Problem
Using the listing below, print the line containing "Dark grey skinny fit smart trousers", the line containing "Oficina centrica en", and each line between them, exactly and nothing else. Pictures stay out of the print.

Information provided
┌──

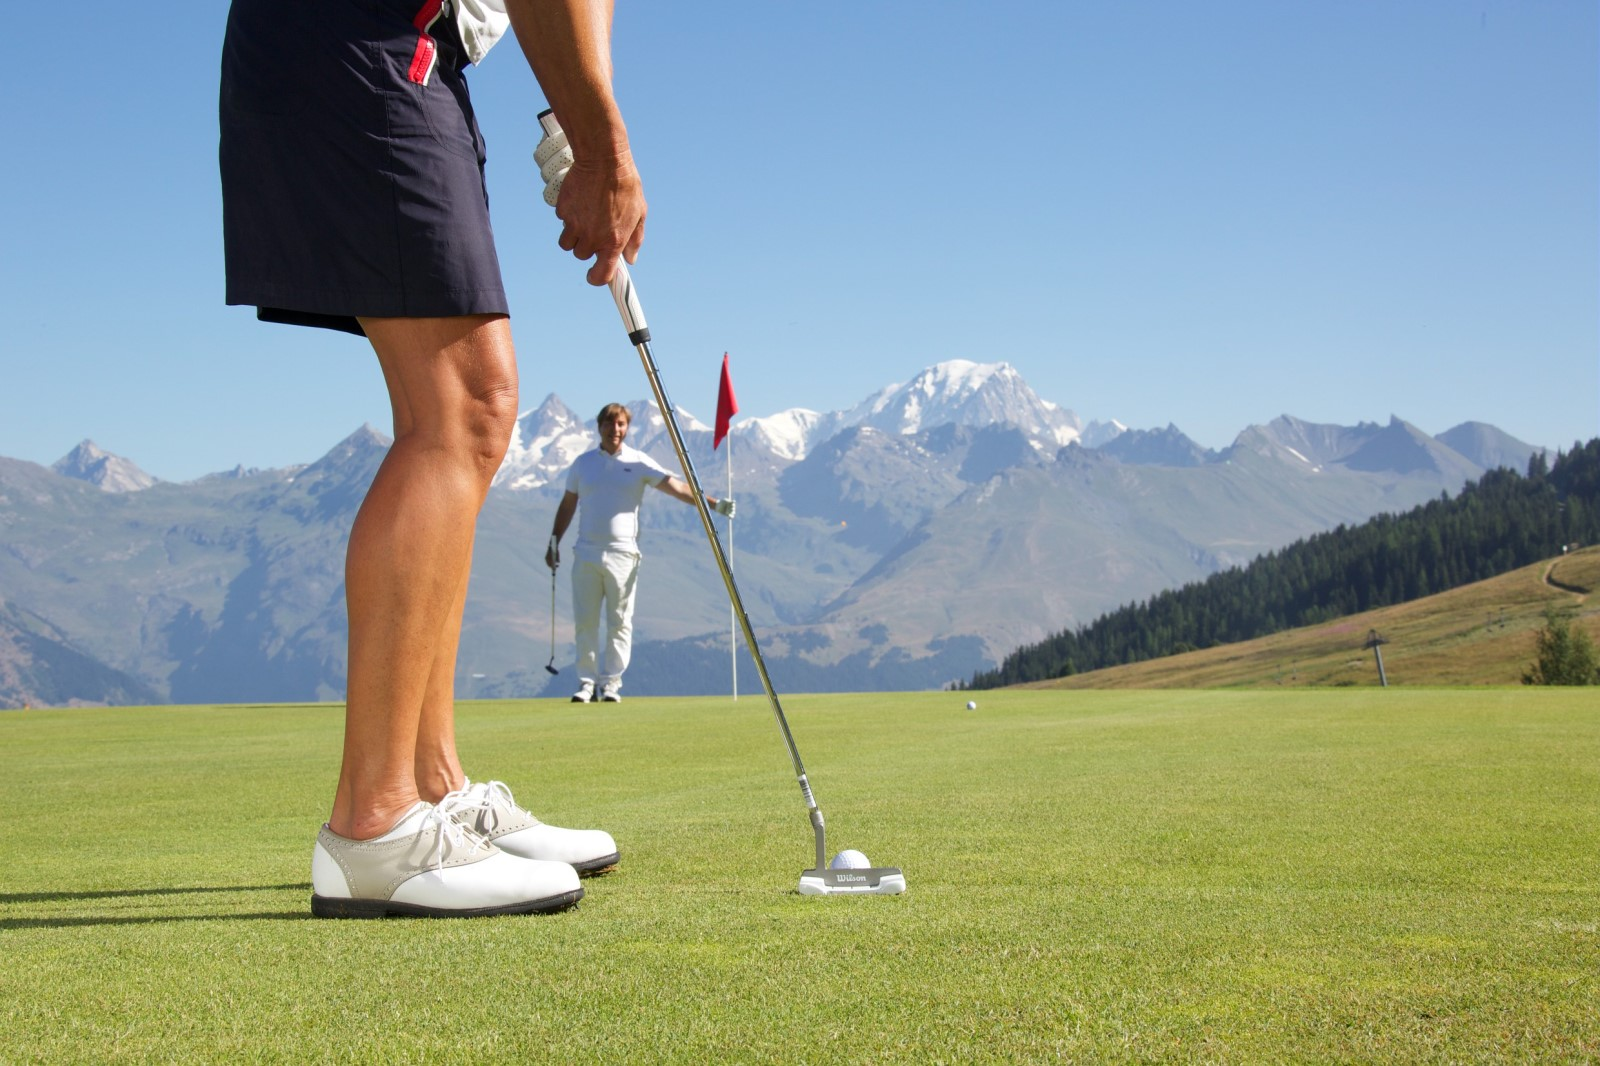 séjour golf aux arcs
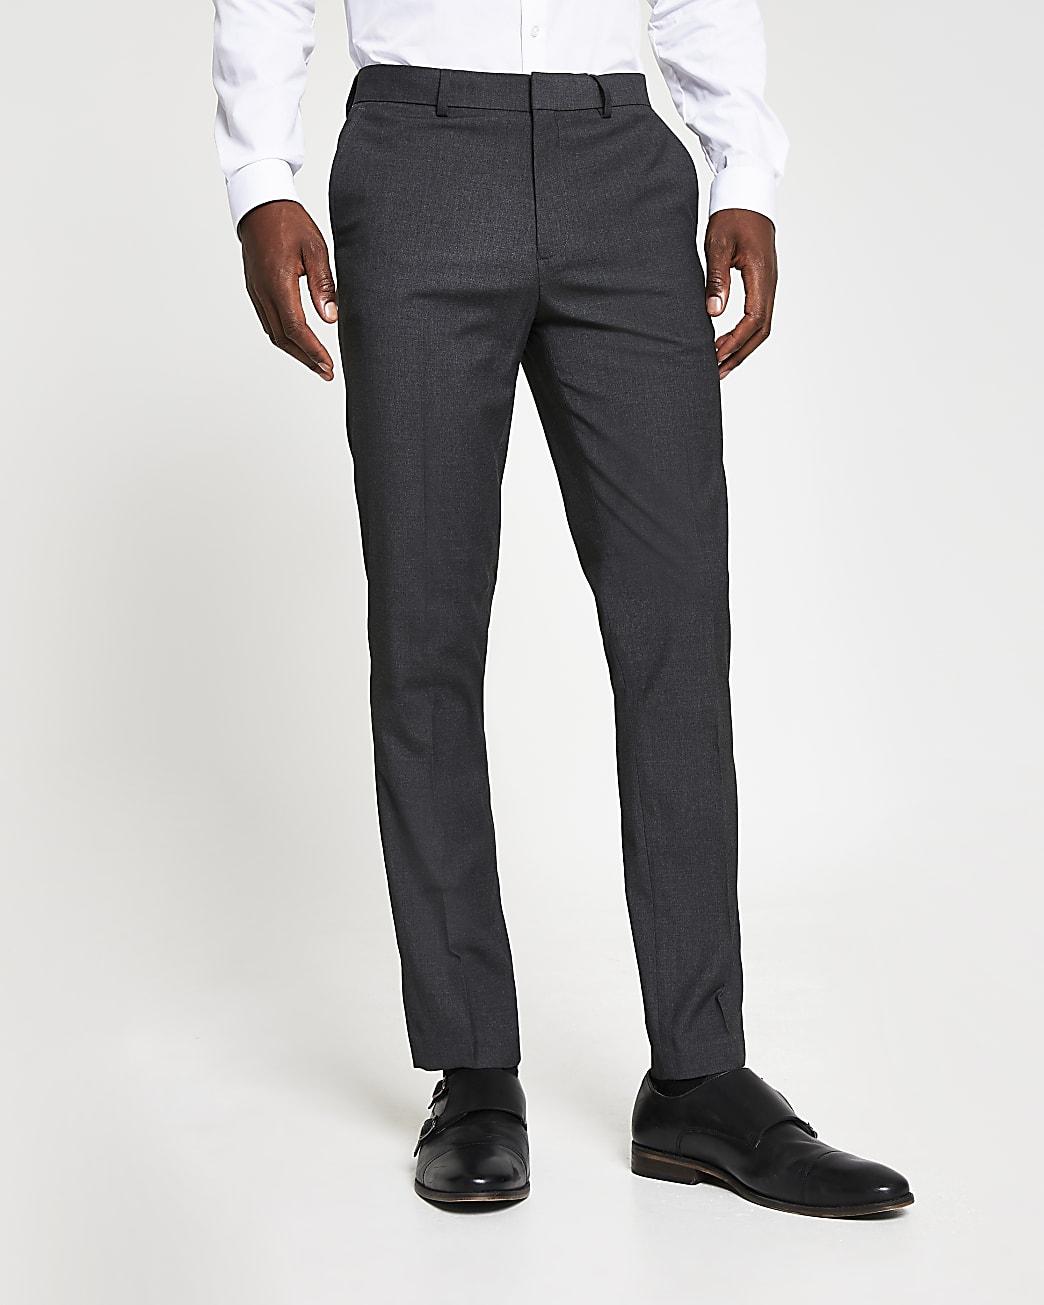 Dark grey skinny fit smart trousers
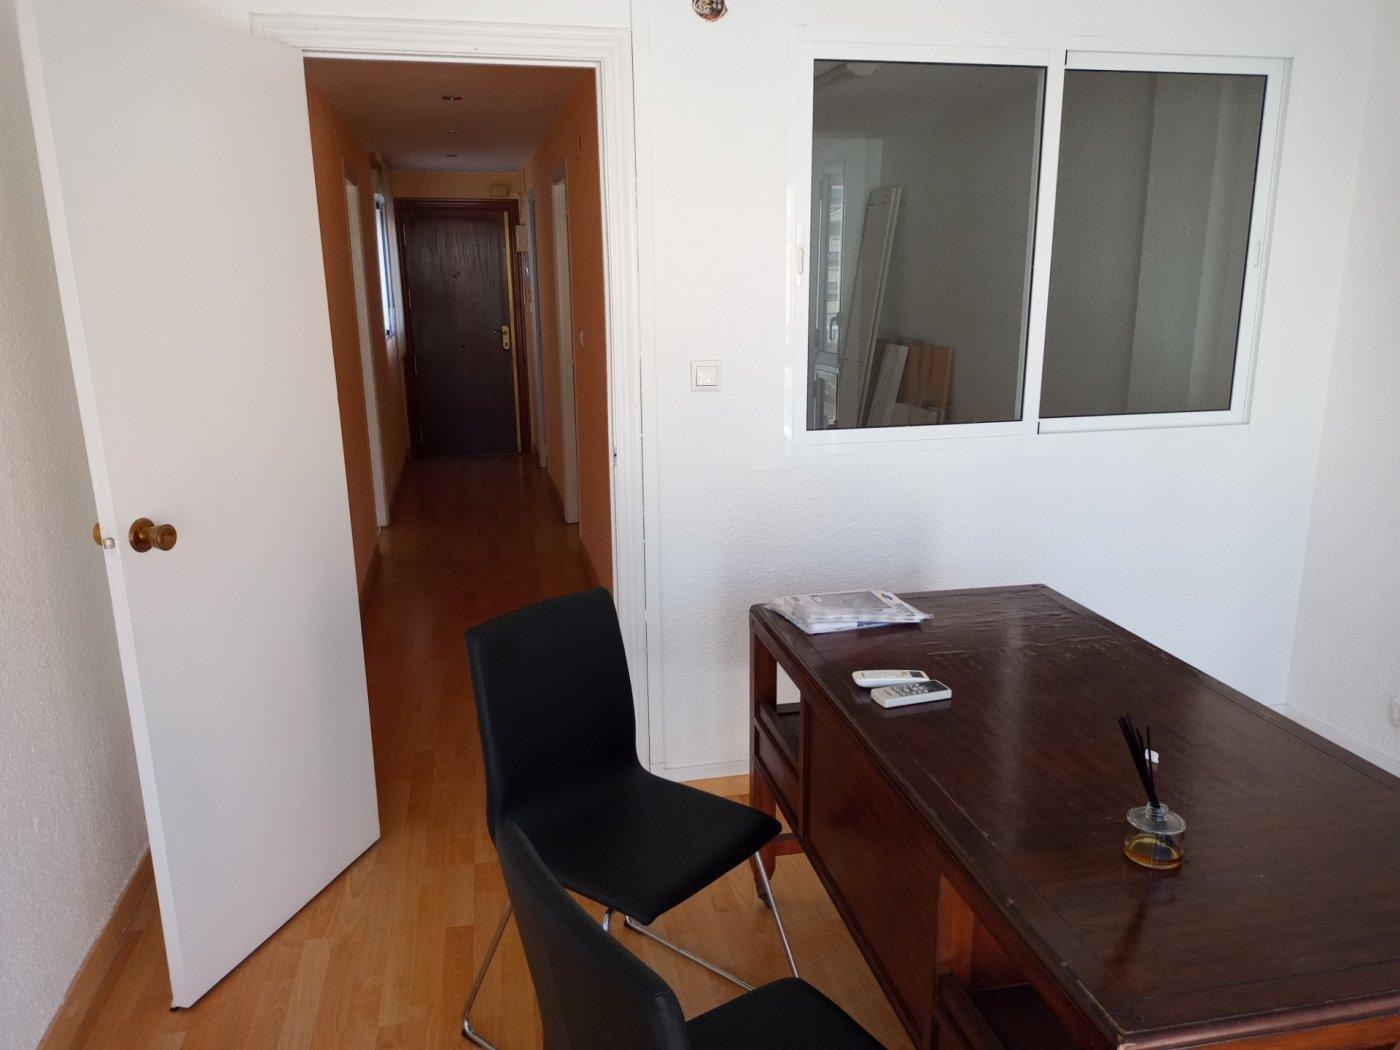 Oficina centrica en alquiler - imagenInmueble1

└──
┌──

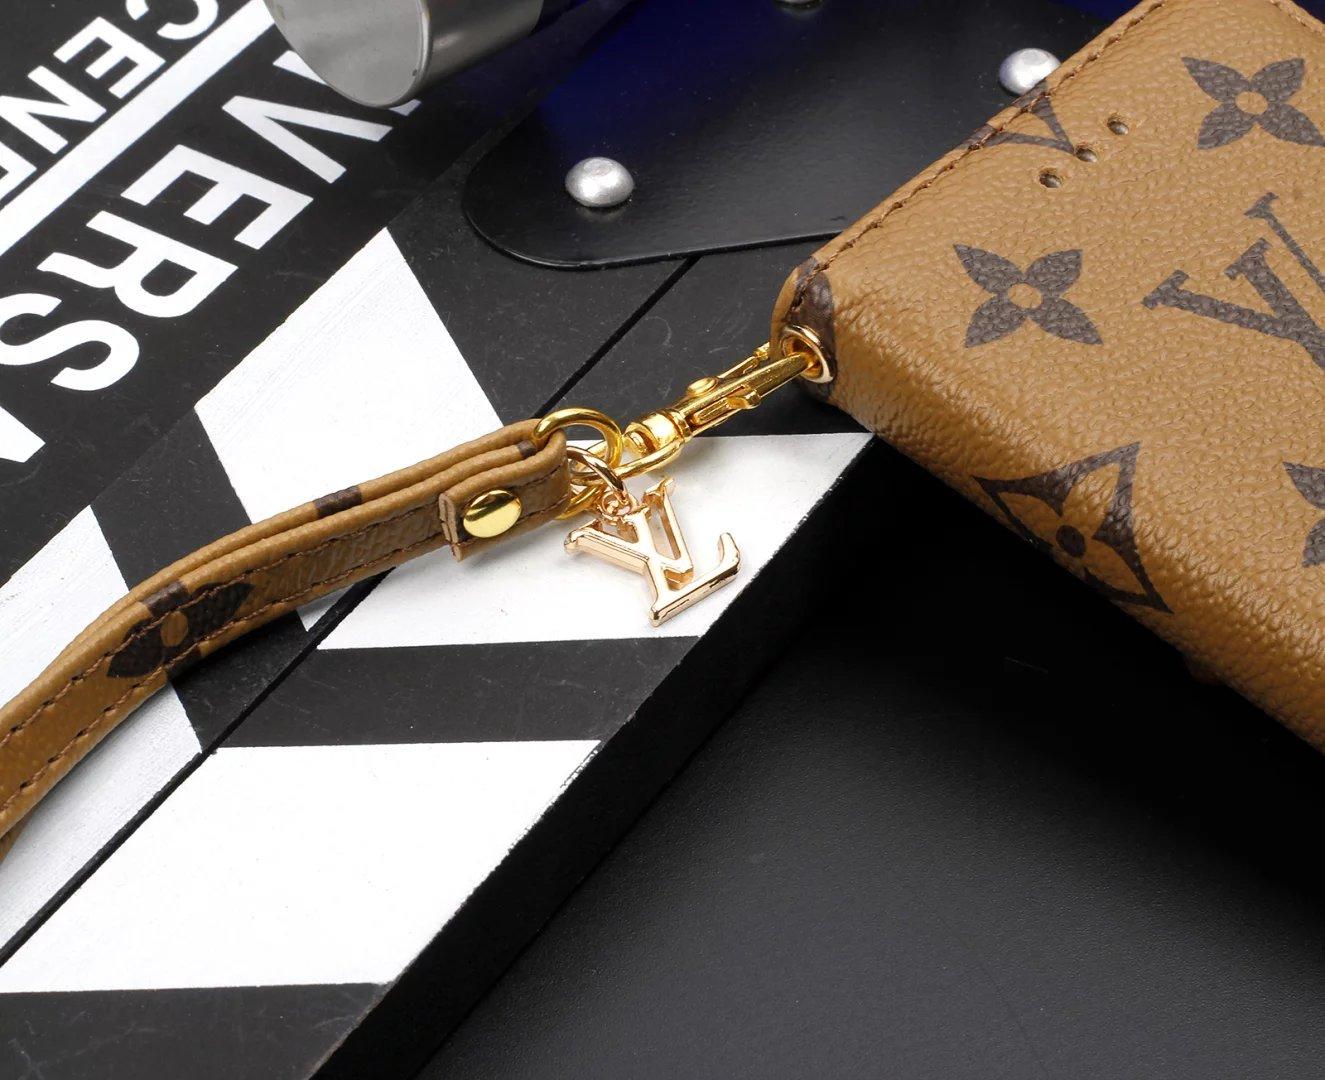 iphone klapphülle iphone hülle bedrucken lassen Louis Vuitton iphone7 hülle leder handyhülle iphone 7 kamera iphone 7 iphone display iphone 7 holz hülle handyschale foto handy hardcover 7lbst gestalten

└──

Reply to the exercise
 Dark grey skinny fit smart trousers
 Oficina centrica en alquiler - imagenInmueble1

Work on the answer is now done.